▸ **Problem details**
Quote the data below in full, minus the images.

▸ **Information shown**
○ ○ ○ ○ ○ ○ ○

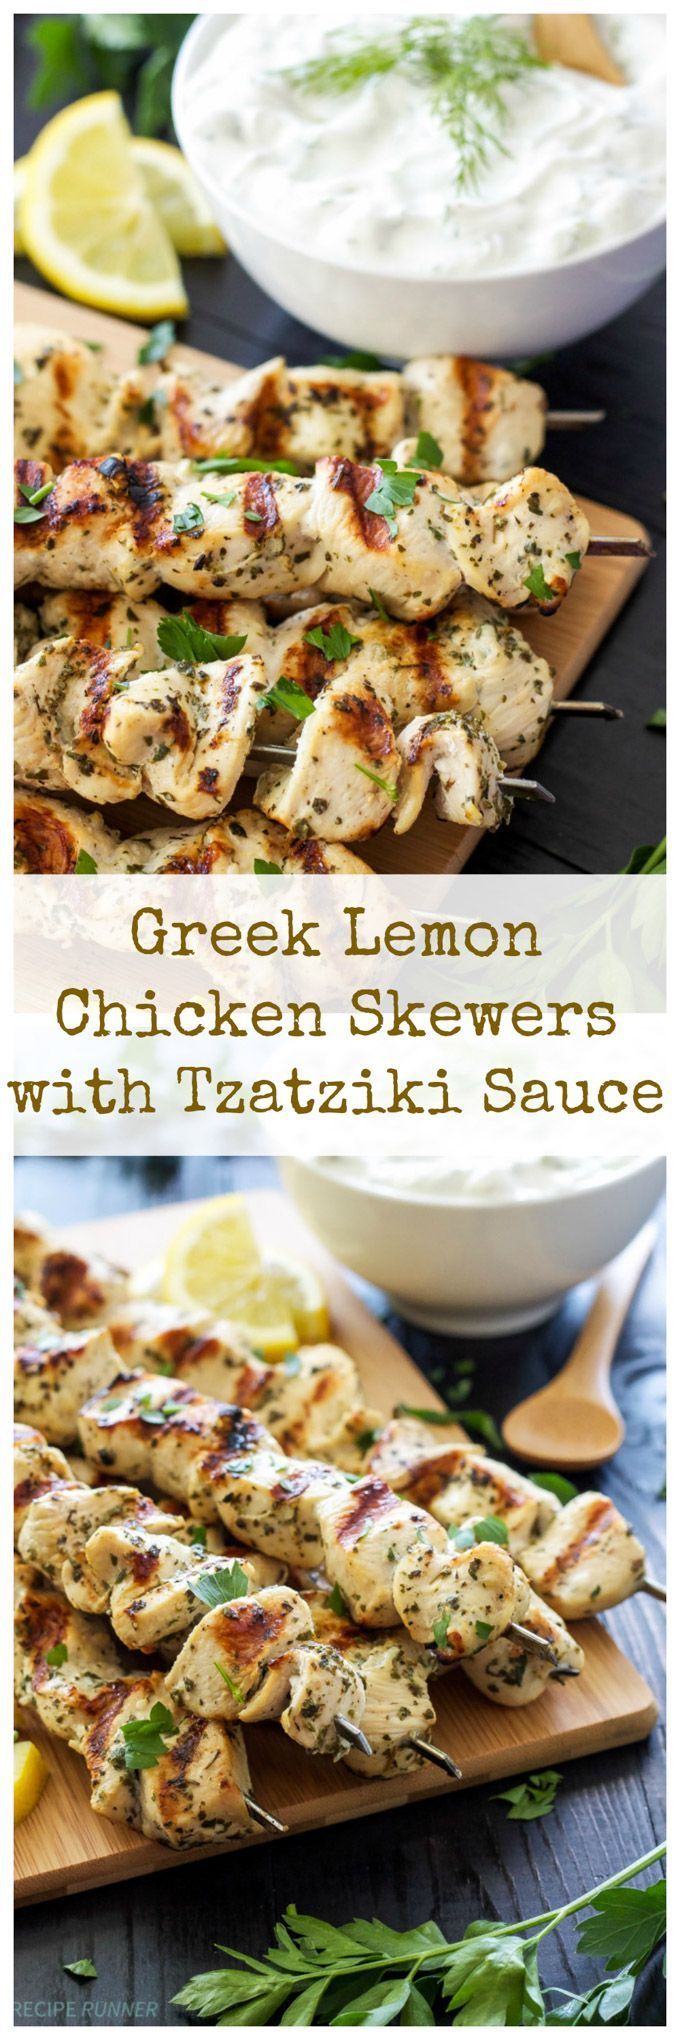 Greek Lemon Chicken Skewers with Tzatziki Sauce | Delicious and healthy Greek chicken skewers with a sauce
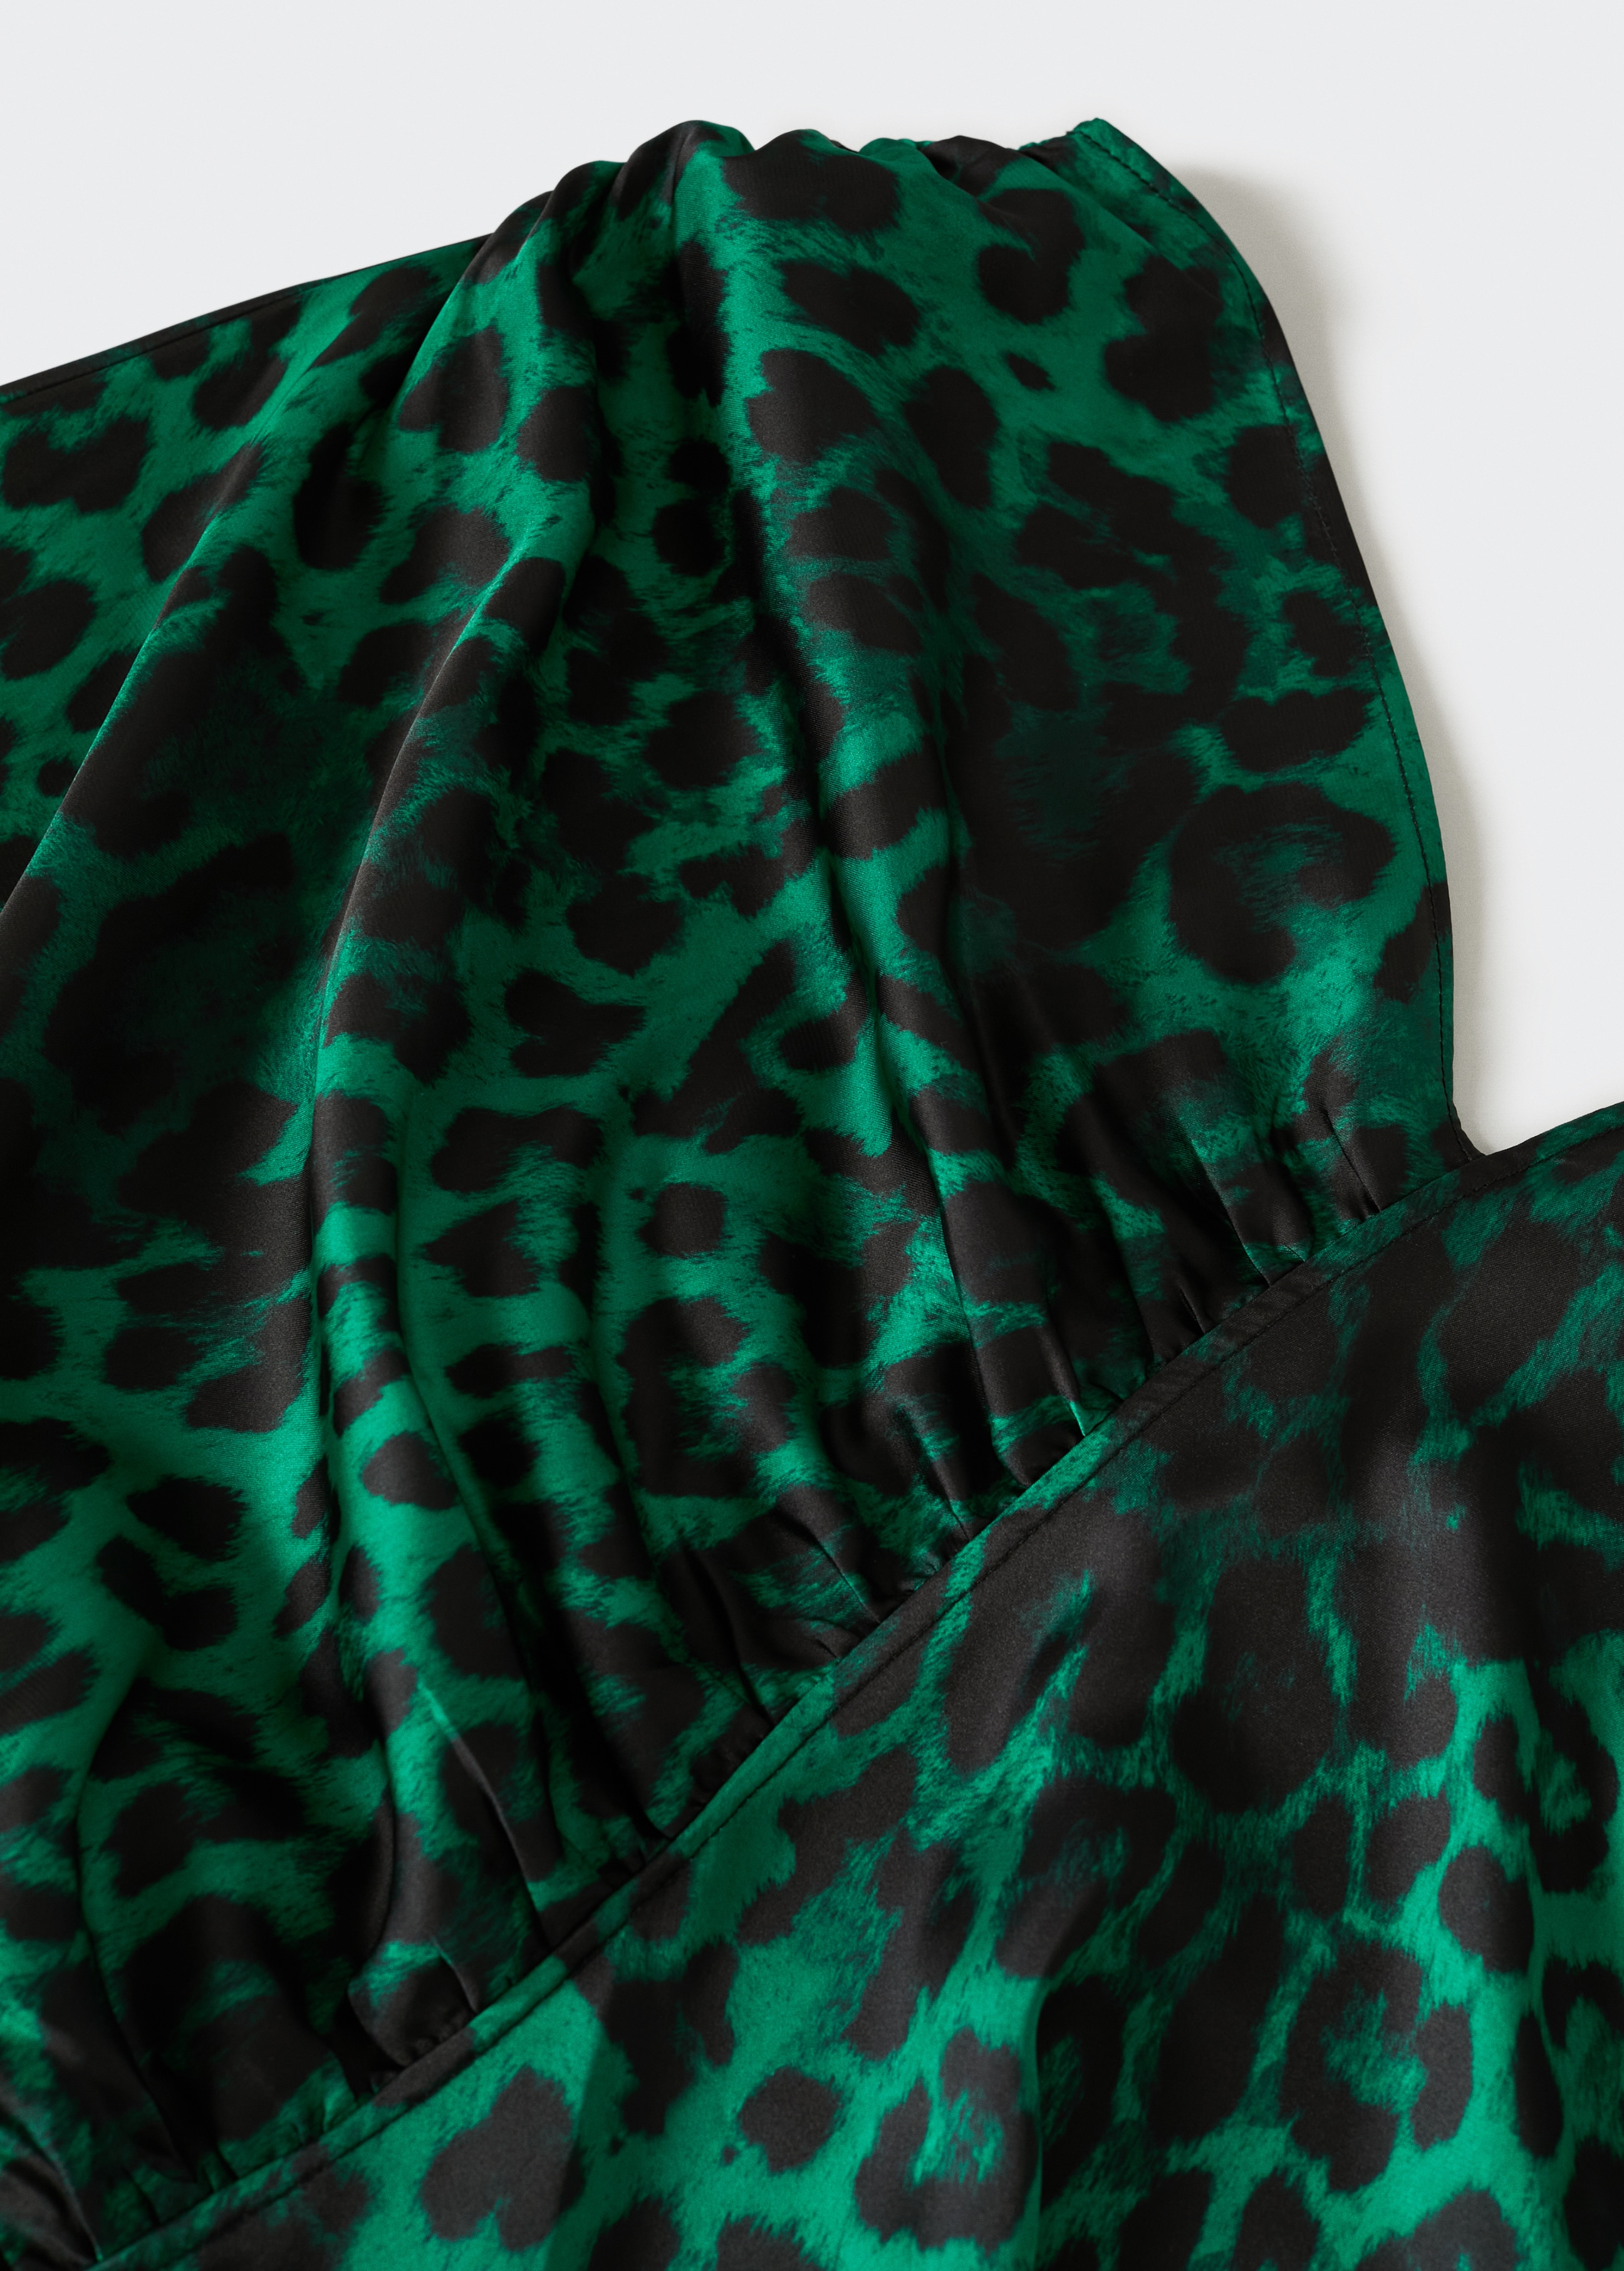 Leopard-print fluid dress - Details of the article 8
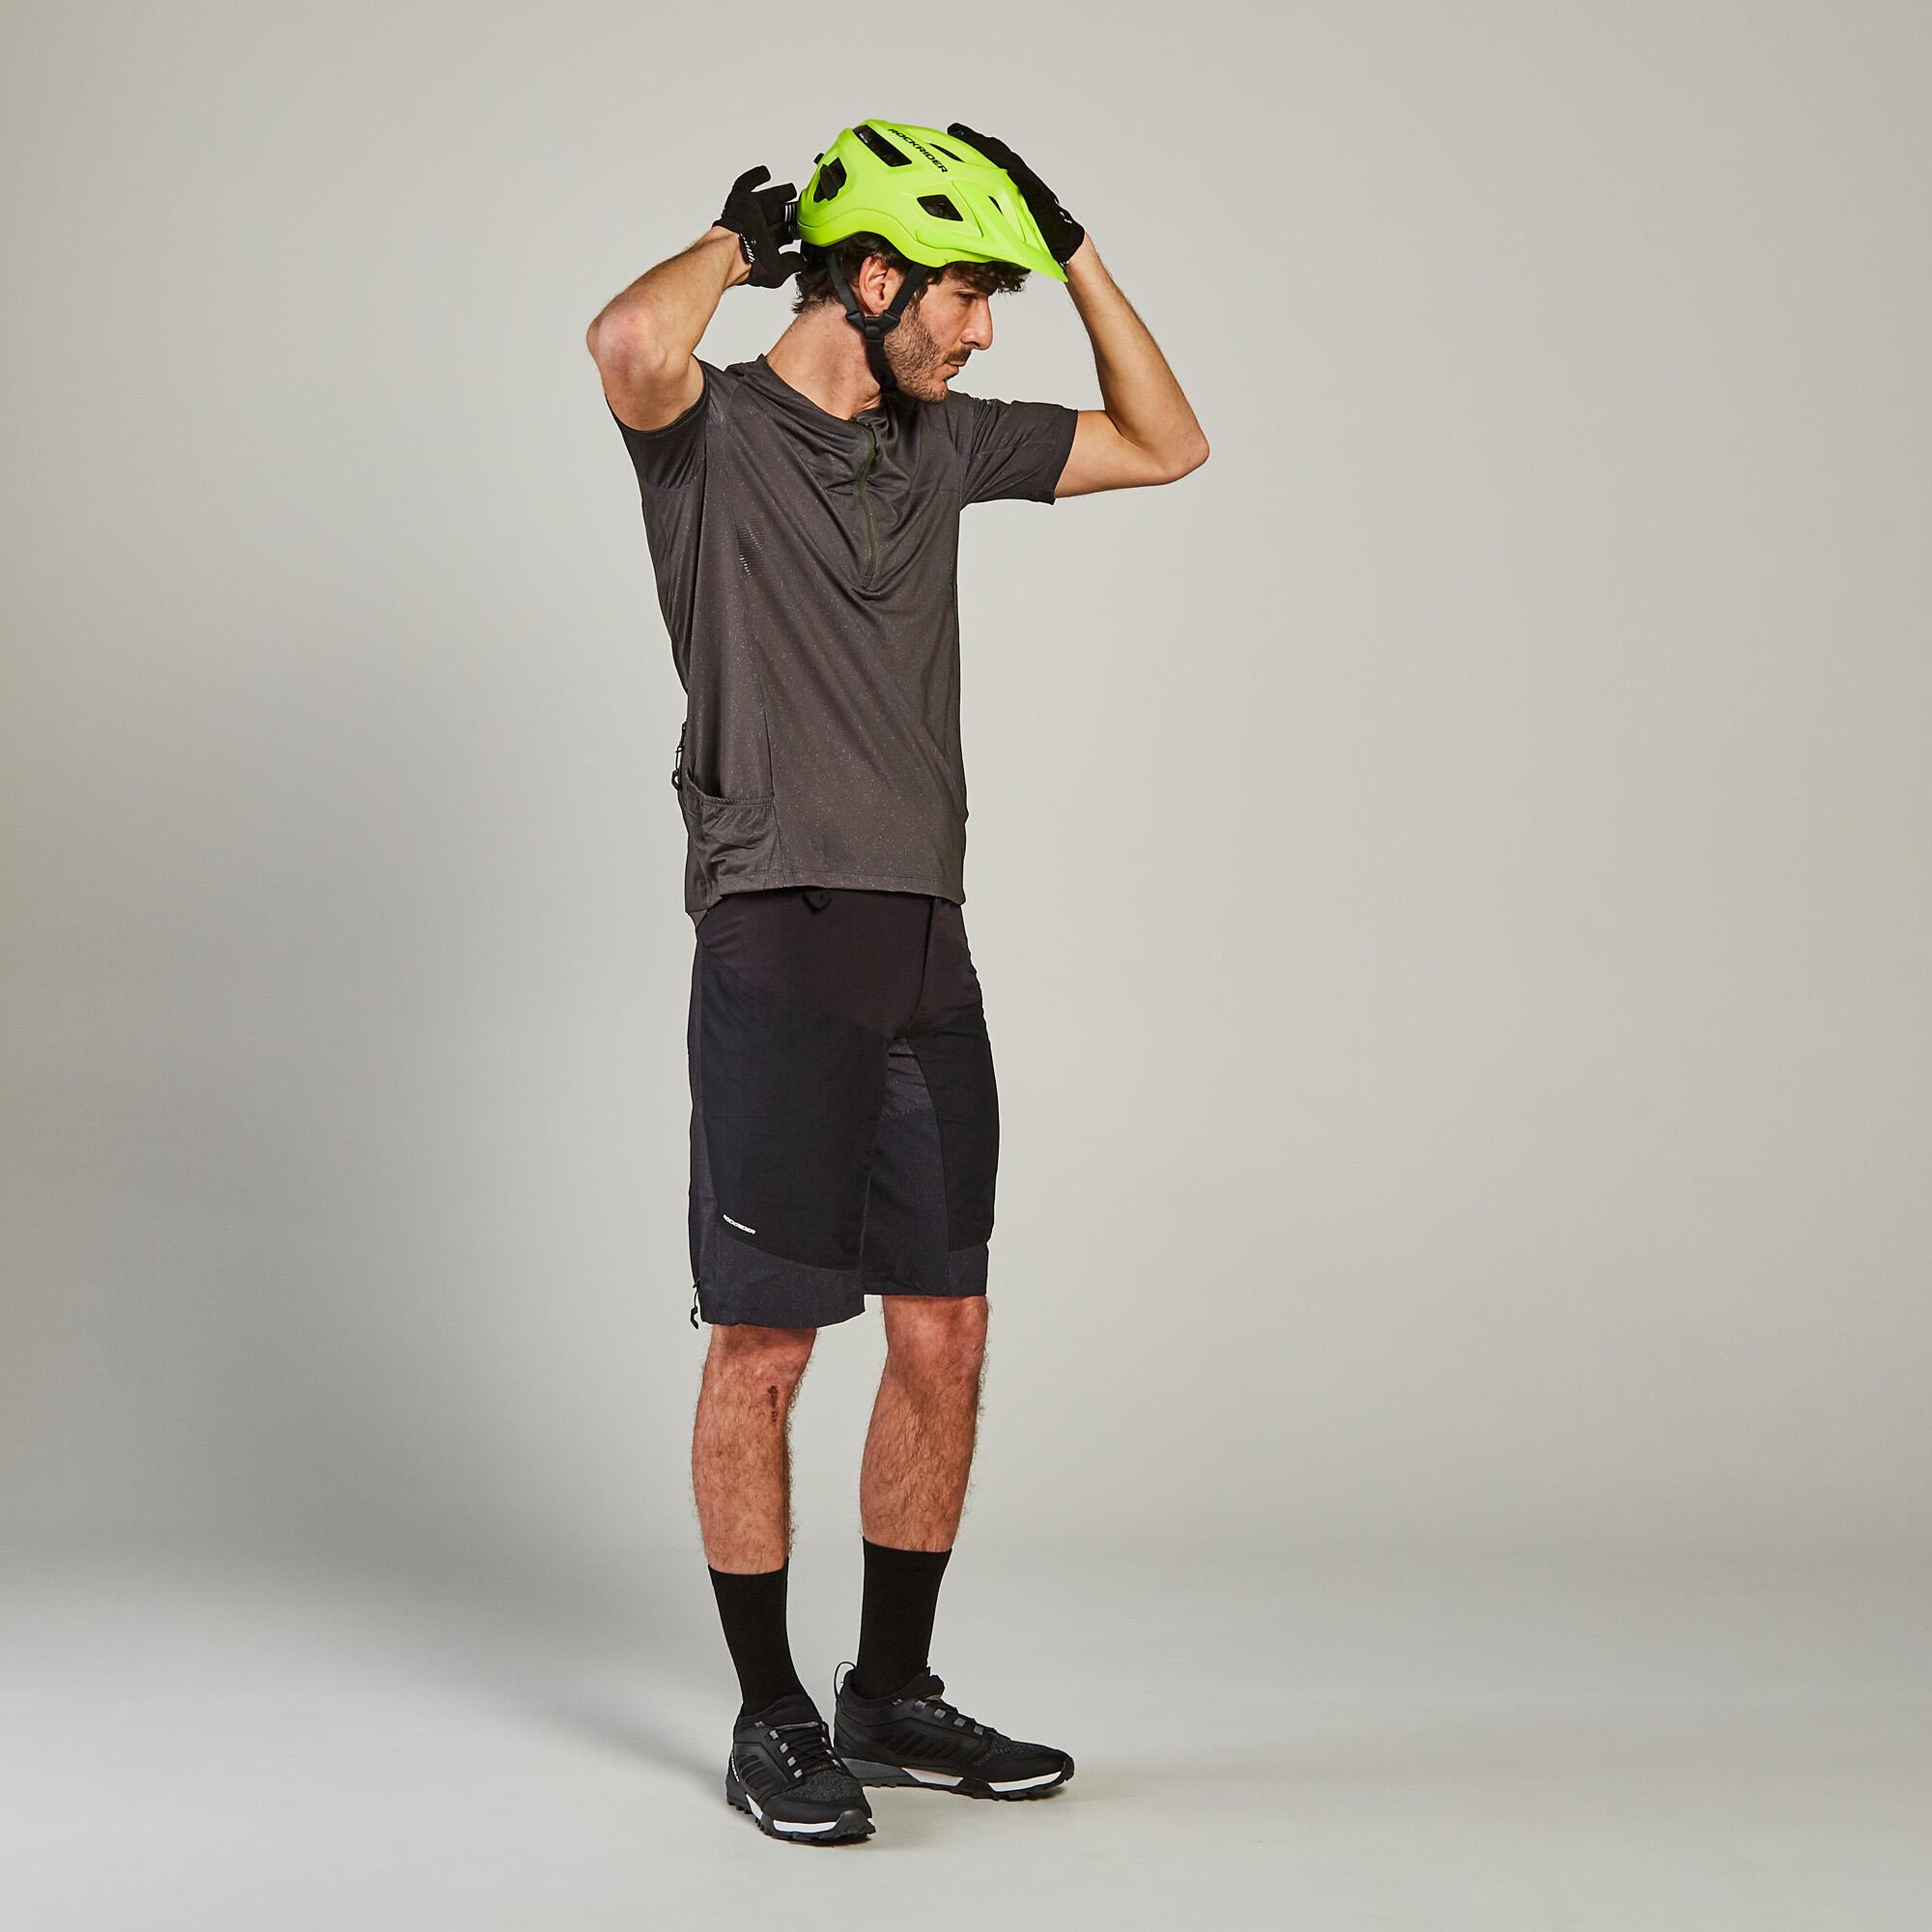 Mountain Biking Helmet EXPL 500 - Neon Yellow 5/18

○ ○ ○ ○ ○ ○ ○

▸ **Task response**
 Greek Lemon Chicken Skewers with Tzatziki Sauce | Delicious and healthy Greek chicken skewers with a sauce
 Leopard-print fluid dress - Details of the article 8
 Mountain Biking Helmet EXPL 500 - Neon Yellow 5/18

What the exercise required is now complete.